Know what to expect: Mortgage Brokers and Loan Officers
When you apply for a mortgage , you need to know the difference between a loan officer and a mortgage broker. It's easy to confuse these because both will give the same outcome: a new home. But as you enter your application process, it can help if you know how they differ.
A mortgage broker (either a firm or an individual) is an independent agent for both the mortgage loan applicant and the lender. A mortgage broker facilitates things between you and your lender, which can be one of the following: a bank, trust company, credit union, mortgage corporation, finance company or even an individual investor. Acting as a facilitator between you and your lender, your mortgage broker can match you with a bank, trust company, credit union, mortgage corporation, finance company or even a private investor. You work with a mortgage broker to look at your financial situation and find the lender who has the best loan program for you.

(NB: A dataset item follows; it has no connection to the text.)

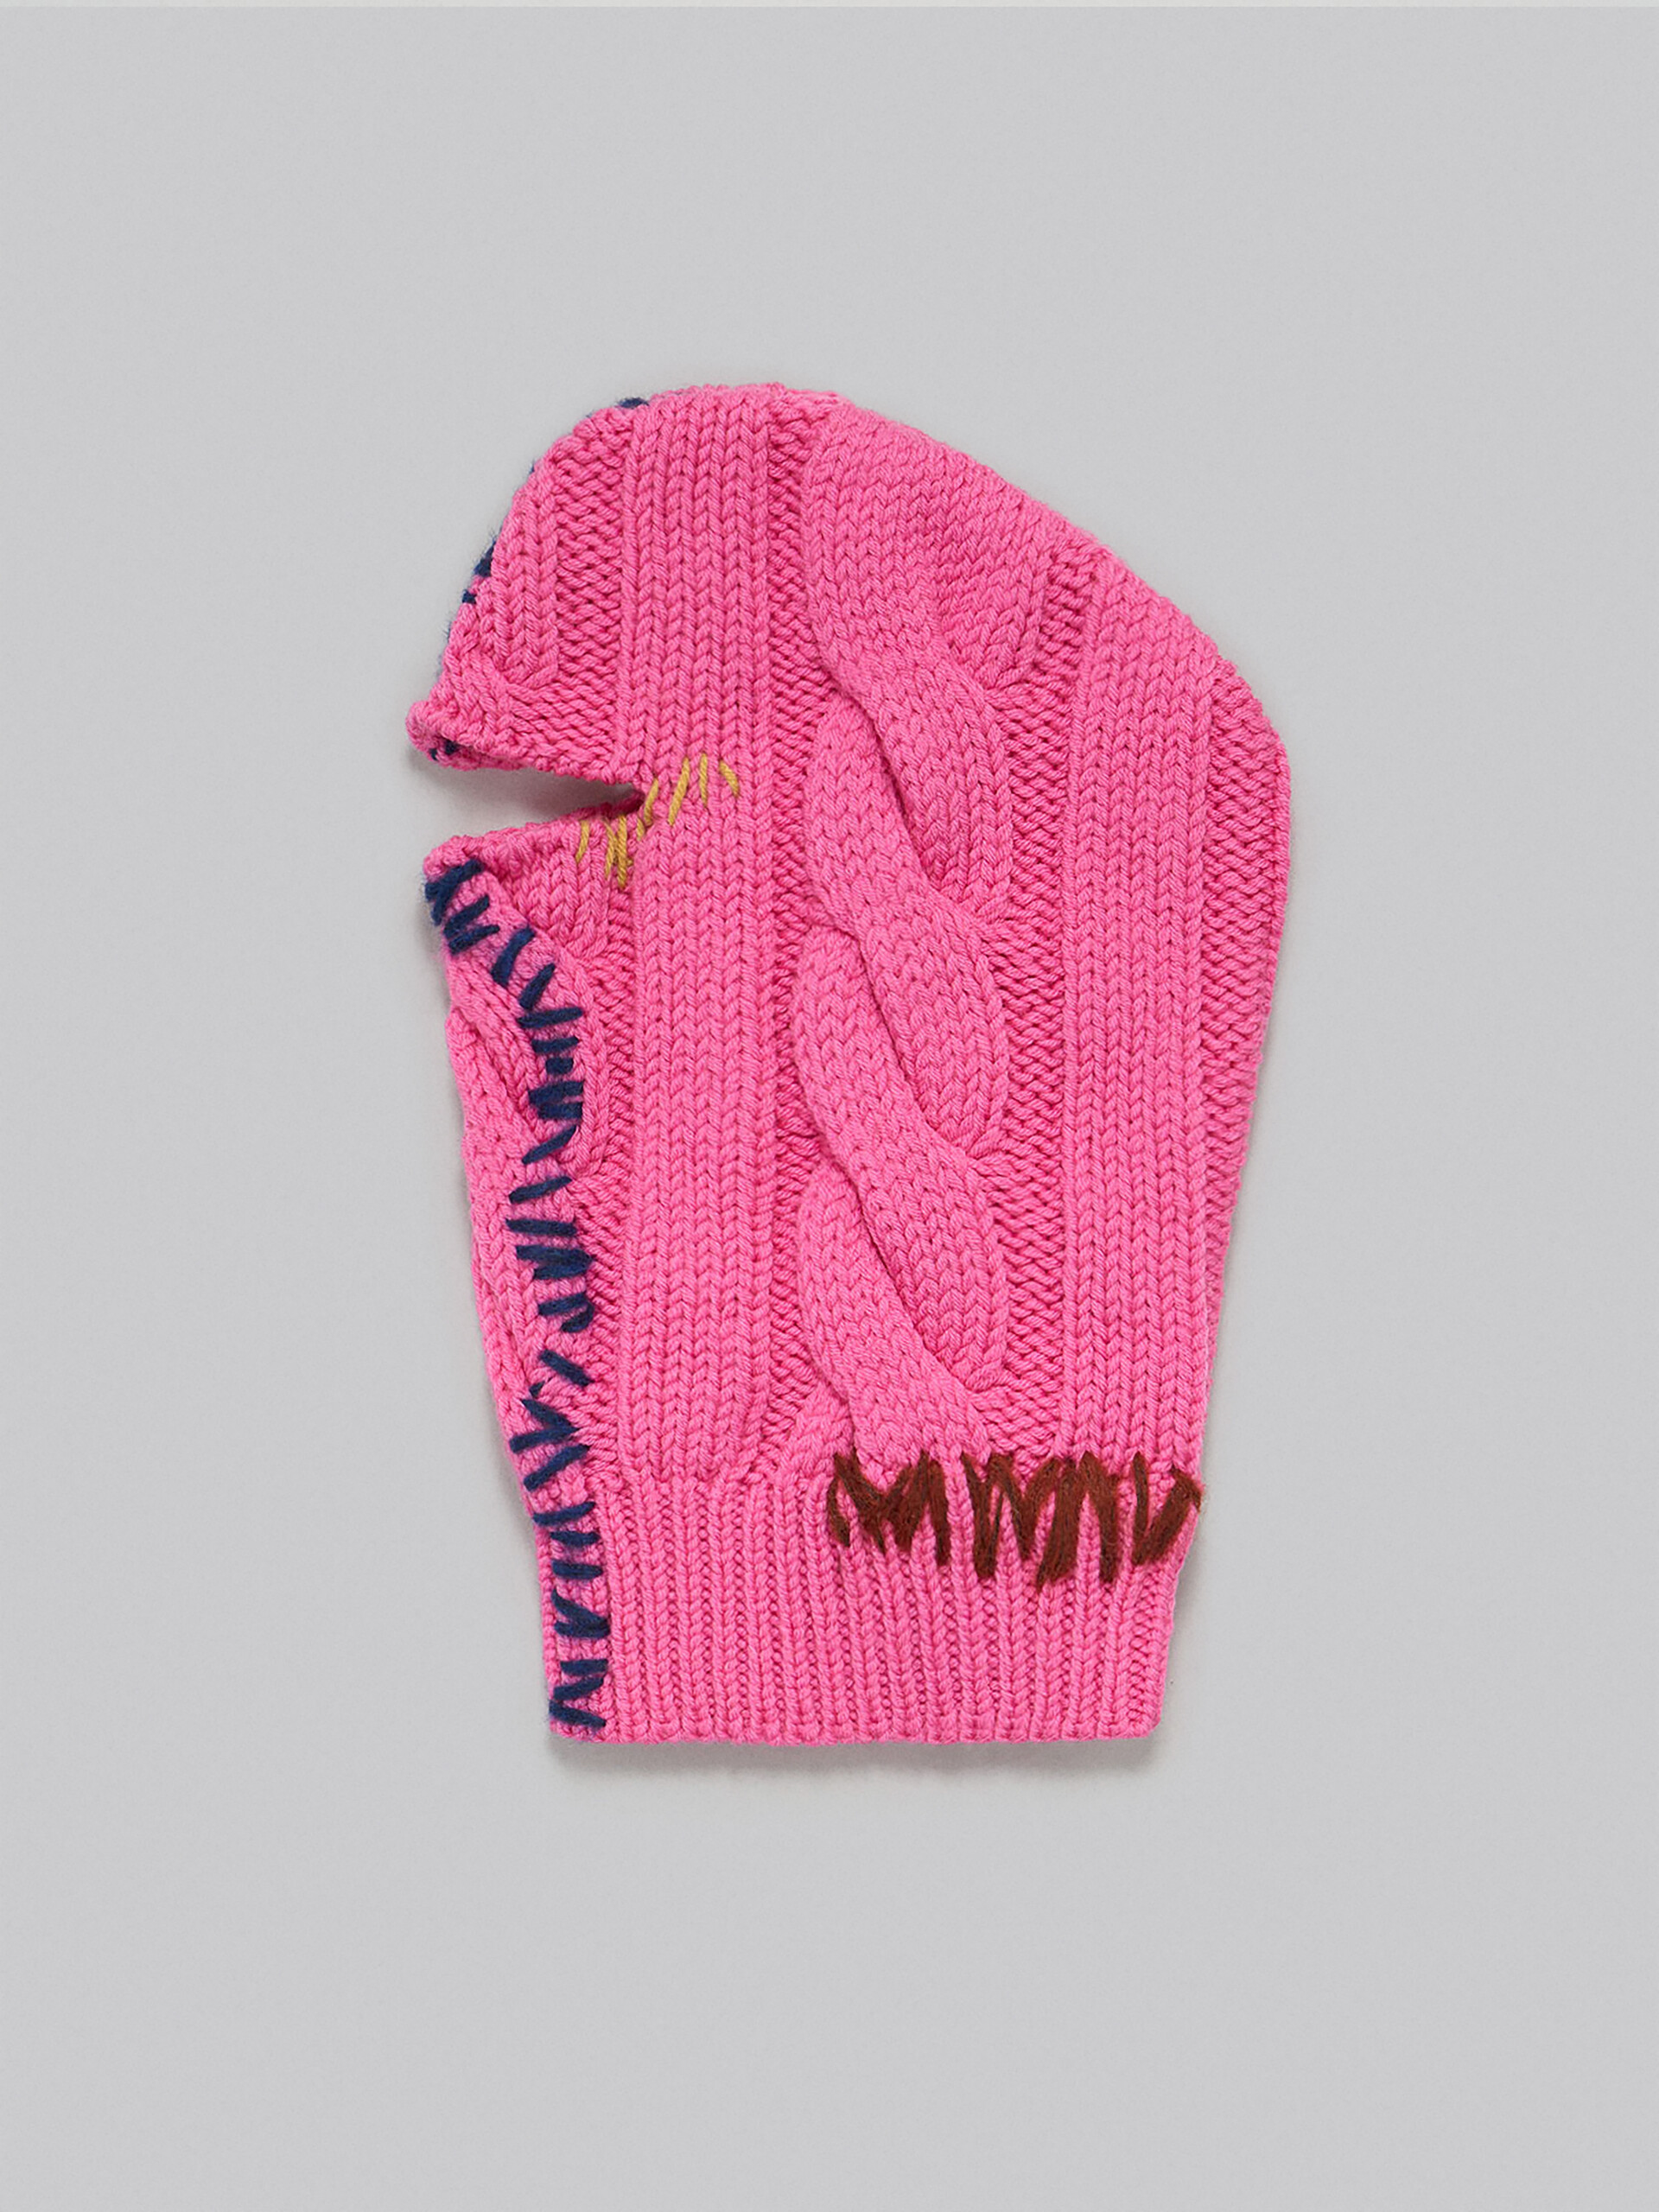 Fuchsia wool balaclava with contrasting mending - Other accessories - Image 2

Your broker will offer your mortgage loan application to one or more lenders, and works with the lender of choice until closing. Upon closing, the broker's commission is paid by the borrower.
About Loan Officers
The biggest difference between a mortgage broker and a loan officer is that a mortgage banker is employed by a lending institution (a bank, credit union, or others) to process loans solely from the products of that institution. There can be a wide range of loans types to draw from even though all are products of that particular lending institution.
Also called a "loan representative" or "account executive," a mortgage banker acts of behalf of the borrower to the lending institution. The loan officer will help you through the selection, processing and loan closing. Mortgage bankers are given a commission or salary for their work by their employers.